The focus on more equitable lending reflects the fact that lower income people tend to live in areas where there are heightened climate risks. For example, the New York Times this summer wrote about a community in Texas where residents had trouble escaping the heat. There were few nearby green spaces, pools, or other municipal cooling areas and residents often couldn’t afford adequate air conditioning. Lending to lower income areas to build infrastructure is a model used previously by the World Bank and regional development banks.

Green banks also guarantee loans for work with local lending institutions, credit unions, and community development financial institutions (CDFI). By guaranteeing loans, green banks hope to help local institutions generate enough data about loan performance, so that they will eventually offer financing without additional support, said Litman.

Currently there are about two-dozen green banks in the US. Some green banks are entirely state-run entities while other green banks are independent and are funded with a mix of public and philanthropic funds. While a lot of their investments have focused on retrofitting buildings and installing solar power, green banks have also invested in infrastructure resilience, transportation electrification, and other activities that help people or their communities adapt to climate change.

Many green banks are relatively new entities. According to the Coalition for Green Capital five green banks became operational in 2021, including: Nevada’s Clean Energy Fund, California’s Climate Catalyst green bank; The Colorado Clean Energy Fund, The Philadelphia Green Capital Corporation; and the Green Energy Fund of Puerto Rico.
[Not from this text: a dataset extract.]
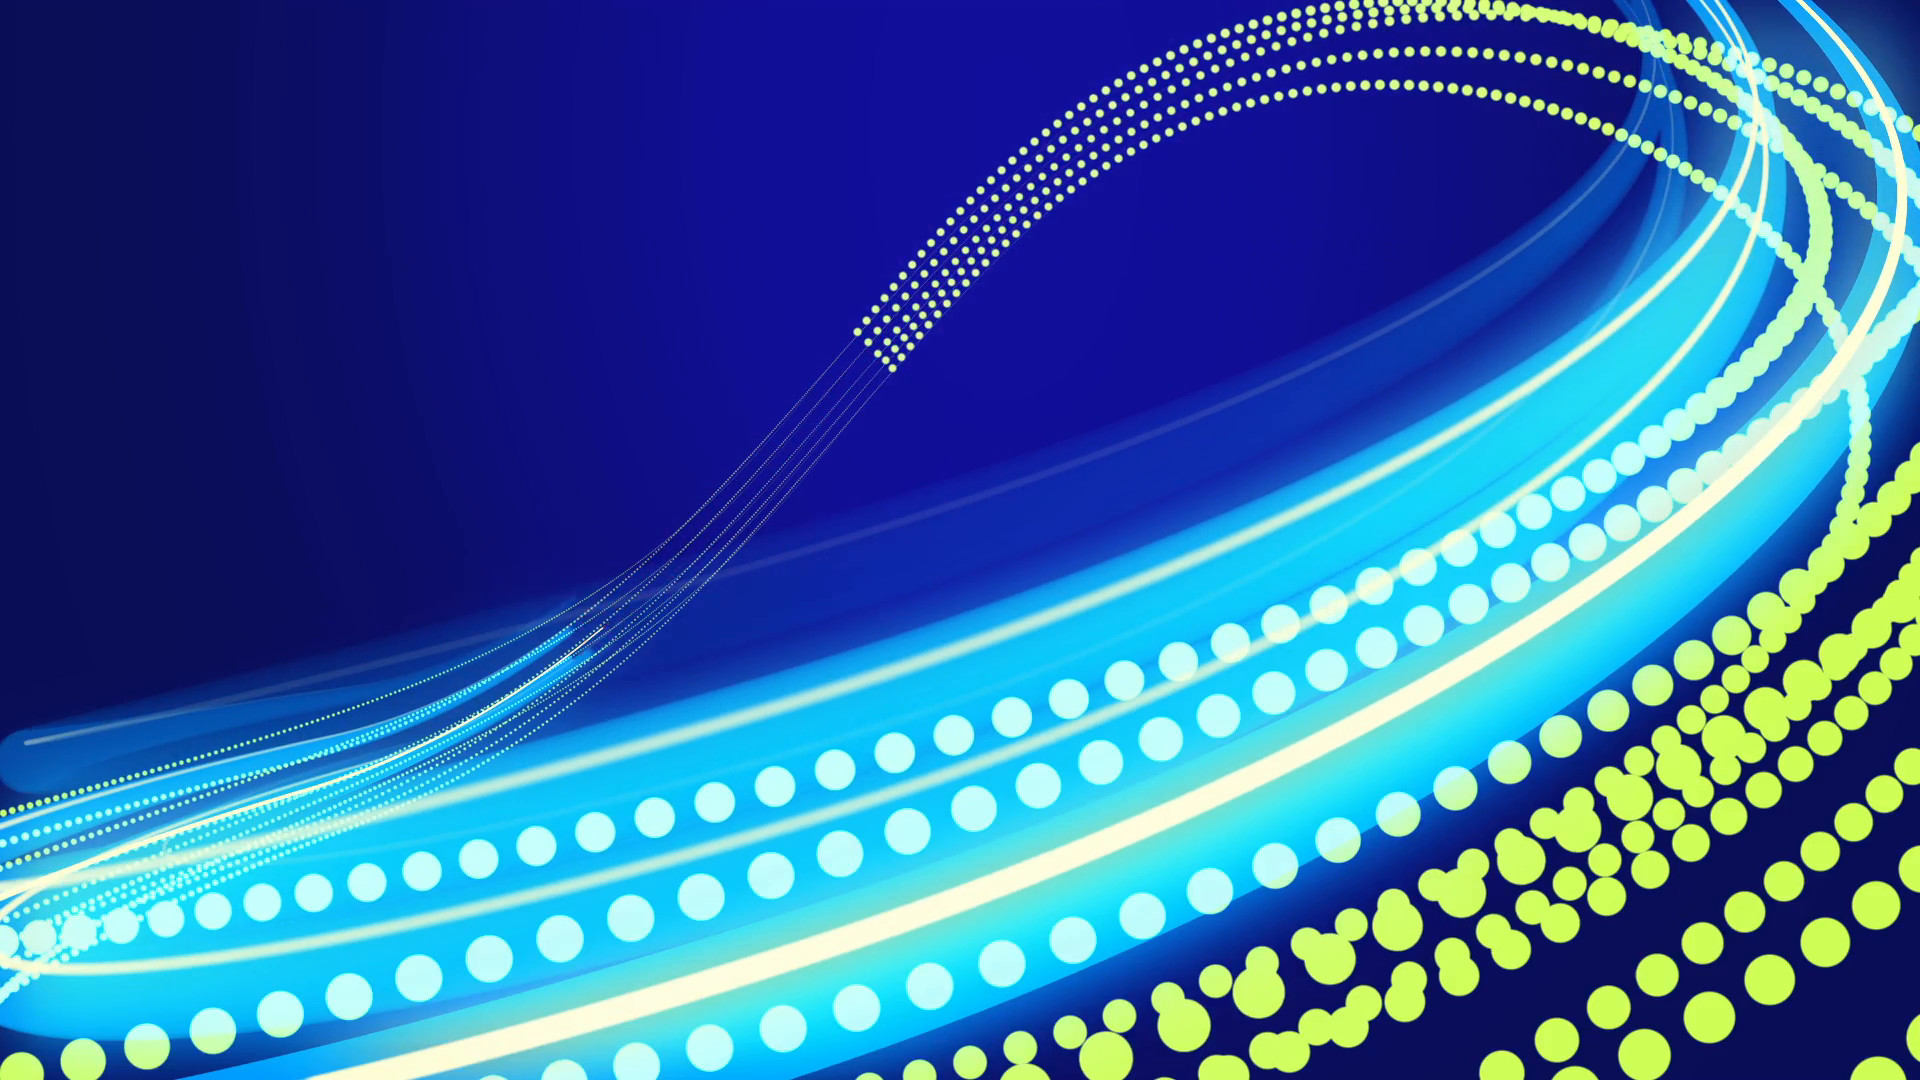 1920x1080 Subscription Library Animated blue abstract background with blurred magic  neon light curved lines.

In September 2021, Illinois passed legislation creating two green banks, an Illinois Climate Bank and Clean Energy Jobs and Justice Fund and in March, Virginia passed legislation allowing municipalities to create their own green banks. 

 Meanwhile, the Inflation Reduction Act is likely to direct more federal funding to green banks and could also be used to create a national green bank. The act, passed by Congress in August, sets aside $27 billion for the Greenhouse Gas Reduction Fund, administered by the Environmental Protection Agency. “The fund has three main appropriations buckets: $7 billion for zero emissions technologies, $12 billion for general assistance, and one of $8 billion for low-income communities,” says Ulysses Smith an ESG Senior Advisor at the law firm Debevoise and Plimpton.

The Inflation Reduction Act does not explicitly mention a national green bank, but some lawmakers, including Michigan Congresswoman Debbie Dingell, have said the fund should be used to create a national green bank that would make direct investments into qualified projects at the national, regional, state, and local levels. A national green bank, she said, would also support other lenders, like credit unions, community development finance institutions, and other, more locally focused green banks.

Litman believes the $20 billion allocated for general assistance and low-income communities could be used to create a national green bank. The Coalition for Green Capital hopes to become the national green bank, said Litman, adding the organization is “currently working with all of the state green banks as well as nonprofit green banks, CDFIs, Credit Unions, and others to establish how the money can best be leveraged to achieve the policy goals.”

If that were to happen a national bank could broaden the scope of green lending and also focus on larger, regional infrastructure projects like networks of electronic vehicle charging stations or investment in regional clean energy transmission lines. For larger infrastructure projects, the national green bank could agree to provide subordinated debt to attract additional pools of capital.

Even if a national green bank does not come to fruition, it looks like the topic of green lending will get a much needed boost through the Inflation Reduction Act and other climate-friendly trends.